Again, the first step is to iterate over friends and collect friends’ friend. The following function returns a list comprehension. Let’s examine this function line-by-line to understand how it works. It returns friend_of_a_friend (foaf) id for each of the individuals’ id, then grabing the id of their friends.

We’ll break it down in code below this function:

def foaf_ids_bad(user):
    """foaf is short for 'friend of a friend' """
    return [foaf_id
            for friend_id in friendships[user["id"]]
            for foaf_id in friendships[friend_id]]

# Let's take Hero, to see Hero's friends 
# we'll call the first key of the friendships dict
# Hero has two friends with ids 1 and 2
friendships[0]  # [1,2]

# then we'll loop over *each* of the friends
friendships[1]  # [0, 2, 3]
friendships[2]  # [0, 1, 3]

# assert that function works
assert foaf_ids_bad(users[0]) == [0, 2, 3, 0, 1, 3]

Can we count mutual friends?

To answer this we’ll use a Counter, which we learned is a dict subclass. Moreover, the function friends_of_friends(user),

from collections import Counter

def friends_of_friends(user):
    user_id = user["id"]
    return Counter(
        foaf_id
        for friend_id in friendships[user_id]    # for each of my friends,
        for foaf_id in friendships[friend_id]    # find their friends
        if foaf_id != user_id                    # who aren't me
        and foaf_id not in friendships[user_id]  # and aren't my friends
    )

# lets look at Hero
# he has two common friends with Chi 
# Chi is neither Hero nor his direct friends
friends_of_friends(users[0])  # Counter({3: 2})

In addition to friendship data, we also have interest data.
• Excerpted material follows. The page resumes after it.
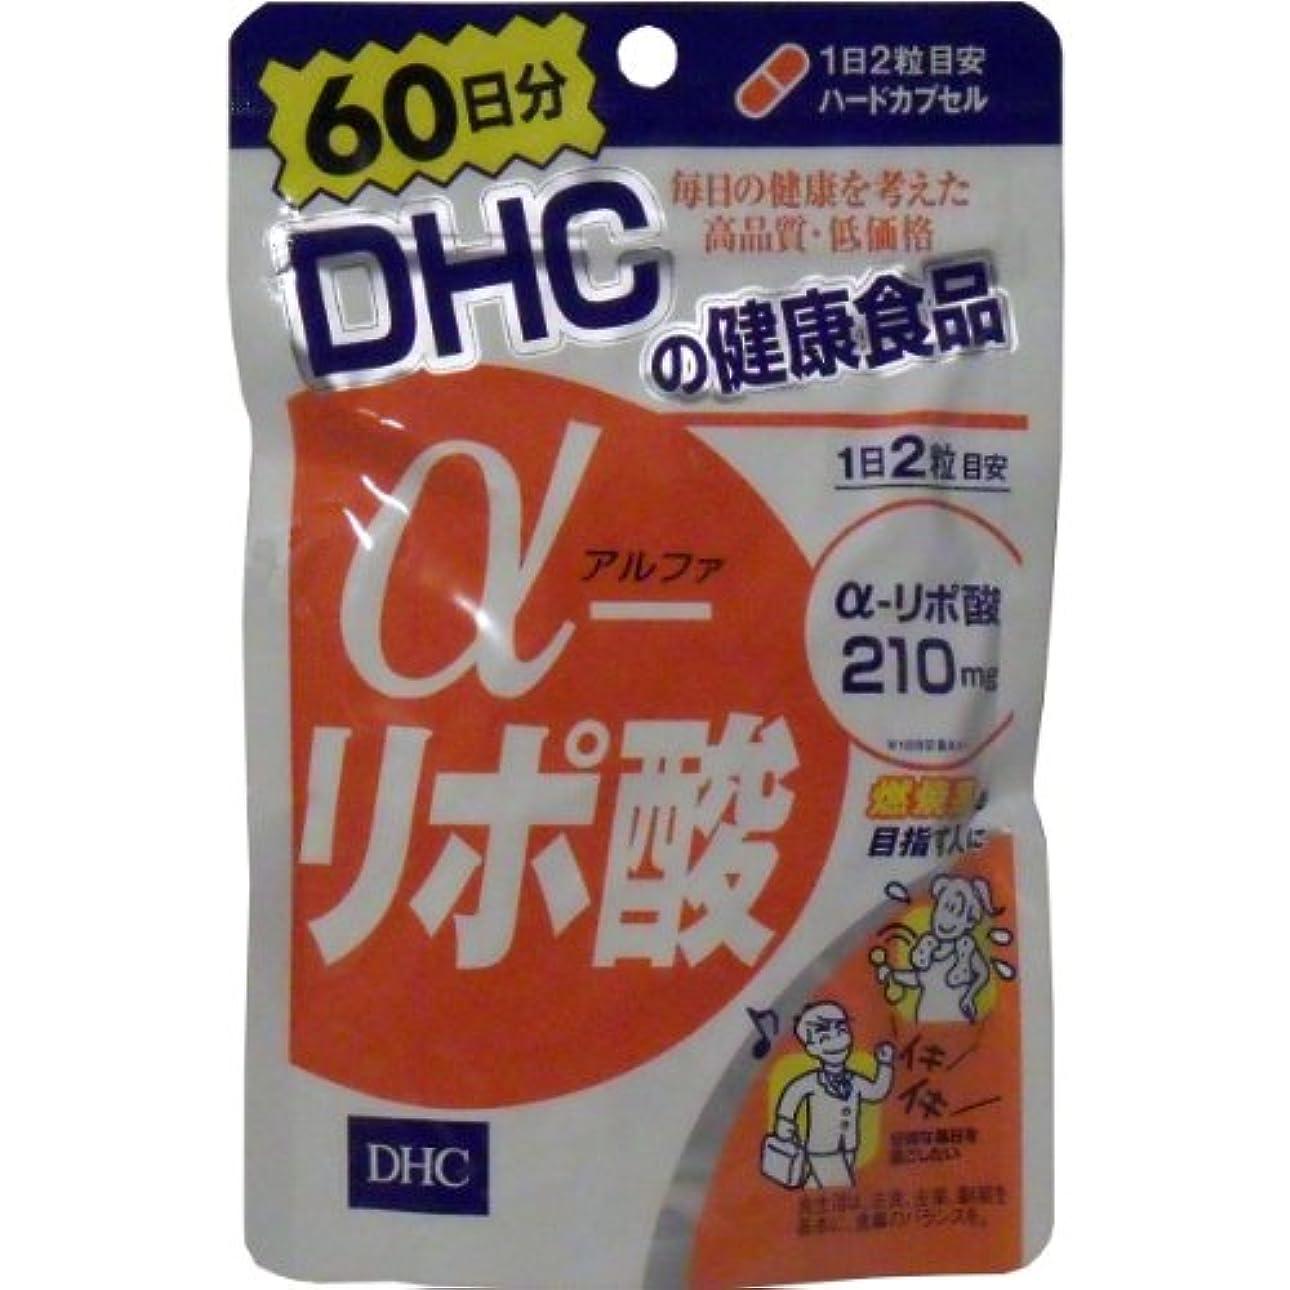 虚偽謙虚な垂直α-リポ酸は、もともと体内にあるエネルギー活性成分。サプリメントでの効率的な補給がおすすめ!DHC120粒 60日分 【4個セット】

Here we see a list of tuples, containing a user_id and a string representing a specific of technology.

interests = [
    (0, "Hadoop"), (0, "Big Data"), (0, "HBase"), (0, "Java"),
    (0, "Spark"), (0, "Storm"), (0, "Cassandra"),
    (1, "NoSQL"), (1, "MongoDB"), (1, "Cassandra"), (1, "HBase"),
    (1, "Postgres"), (2, "Python"), (2, "scikit-learn"), (2, "scipy"),
    (2, "numpy"), (2, "statsmodels"), (2, "pandas"), (3, "R"), (3, "Python"),
    (3, "statistics"), (3, "regression"), (3, "probability"),
    (4, "machine learning"), (4, "regression"), (4, "decision trees"),
    (4, "libsvm"), (5, "Python"), (5, "R"), (5, "Java"), (5, "C++"),
    (5, "Haskell"), (5, "programming langauges"), (6, "statistics"),
    (6, "probability"), (6, "mathematics"), (6, "theory"),
    (7, "machine learning"), (7, "scikit-learn"), (7, "Mahout"),
    (7, "neural networks"), (8, "neural networks"), (8, "deep learning"),
    (8, "Big Data"), (8, "artificial intelligence"), (9, "Hadoop"),
    (9, "Java"), (9, "MapReduce"), (9, "Big Data")
    ]

First thing we’ll do is find users with a specific interest. This is function returns a list comprehension. It first split each tuple into user_id (integer) and user_interest (string), then conditionally check if the string in the tuple matches the input parameter.
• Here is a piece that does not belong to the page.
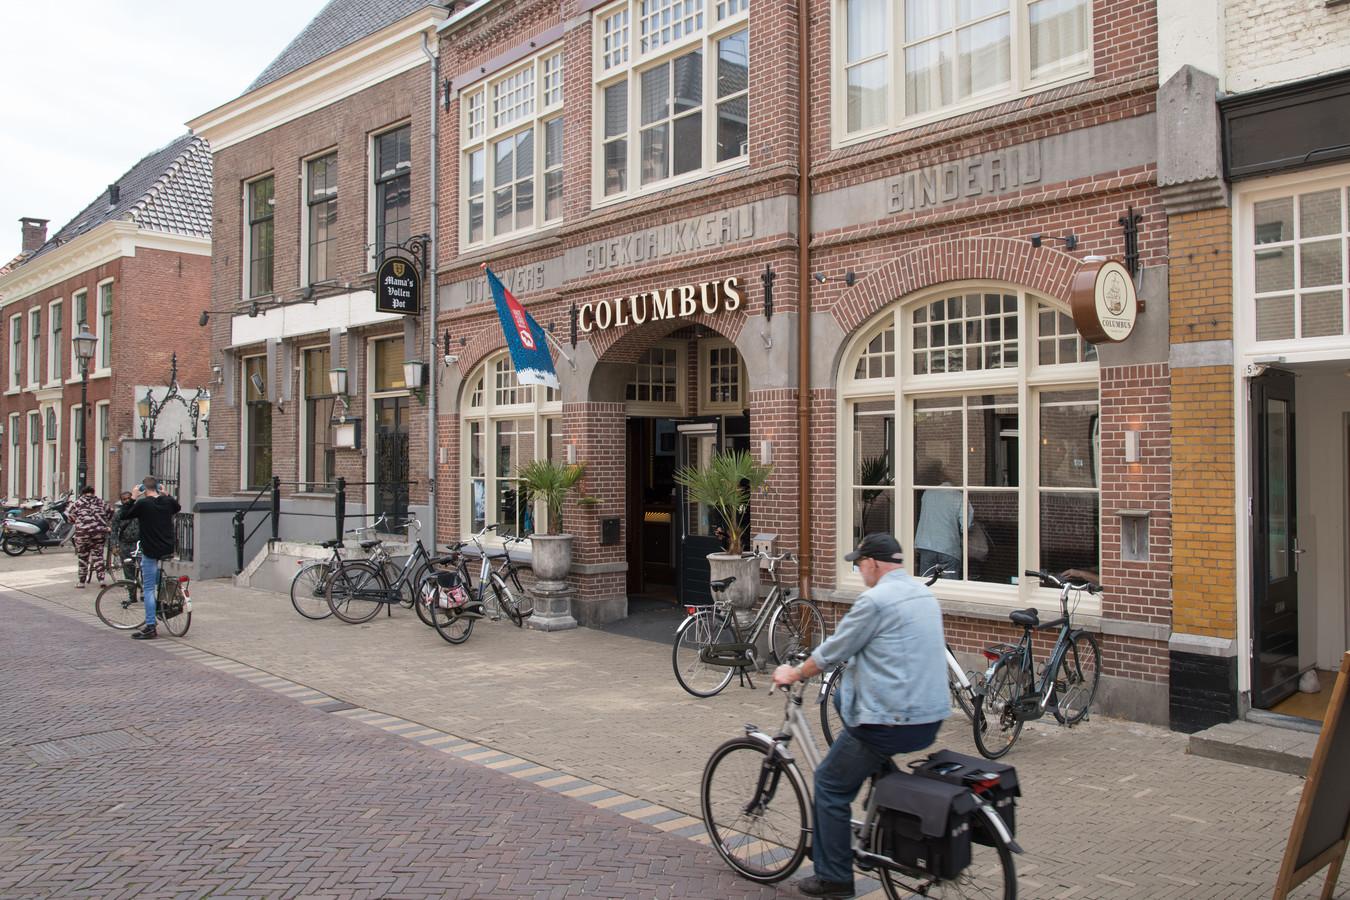 Het bestuur van de cannabiswinkel Columbus in de Vijhestraat in Harderwijk wil graag meedoen aan de landelijke wietproef, zodat zowel de verkoop als de inkoop legaal zijn.

def data_scientists_who_like(target_interest):
    """Find the ids of all users who like the target interests."""
    return [user_id
            for user_id, user_interest in interests
            if user_interest == target_interest]
            
# let's see all user_id who likes "statistics"
data_scientists_who_like("statistics")   # [3, 6]

We may also want to count the number of times a specific interest comes up. Here’s a function for that. We use a basic for-loop and if-statement to check truthiness of user_interest == target_interest.

def num_user_with_interest_in(target_interest):
    interest_count = 0
    for user_id, user_interest in interests:
        if user_interest == target_interest:
            interest_count += 1
    return interest_count

A concern is having to examine a whole list of interests for every search. The author proposes building an index from interests to users. Here, a defaultdict is imported, then populated with user_id

from collections import defaultdict

# user_ids matched to specific interest
user_ids_by_interest = defaultdict(list)

for user_id, interest in interests:
    user_ids_by_interest[interest].append(user_id)

# three users interested in Python
assert user_ids_by_interest["Python"] == [2,3,5]

# list of interests by user_id
interests_by_user_id = defaultdict(list)

for user_id, interest in interests:
    interests_by_user_id[user_id].append(interest)

# check all of Hero's interests
assert interests_by_user_id[0] == ['Hadoop', 'Big Data', 'HBase', 'Java', 'Spark', 'Storm', 'Cassandra']

We can find who has the most interests in common with a given user. Looks like Klein (#9) has the most common interests with Hero (#0). Here we return a Counter with for-loops and an if-statement.

def most_common_interests_with(user):
    return Counter(
        interested_user_id
        for interest in interests_by_user_id[user["id"]]
        for interested_user_id in user_ids_by_interest[interest]
        if interested_user_id != user["id"]
        )
        
# let's check to see who has the most common interest with Hero
most_common_interests_with(users[0]) # Counter({9: 3, 8: 1, 1: 2, 5: 1})

Finally, we can also find which topics are most popular among the network. Previously, we calculated the number of users interested in a particular topic, but now we want to compare the whole list.

words_and_counts = Counter(word
                           for user, interest in interests
                           for word in interest.lower().split())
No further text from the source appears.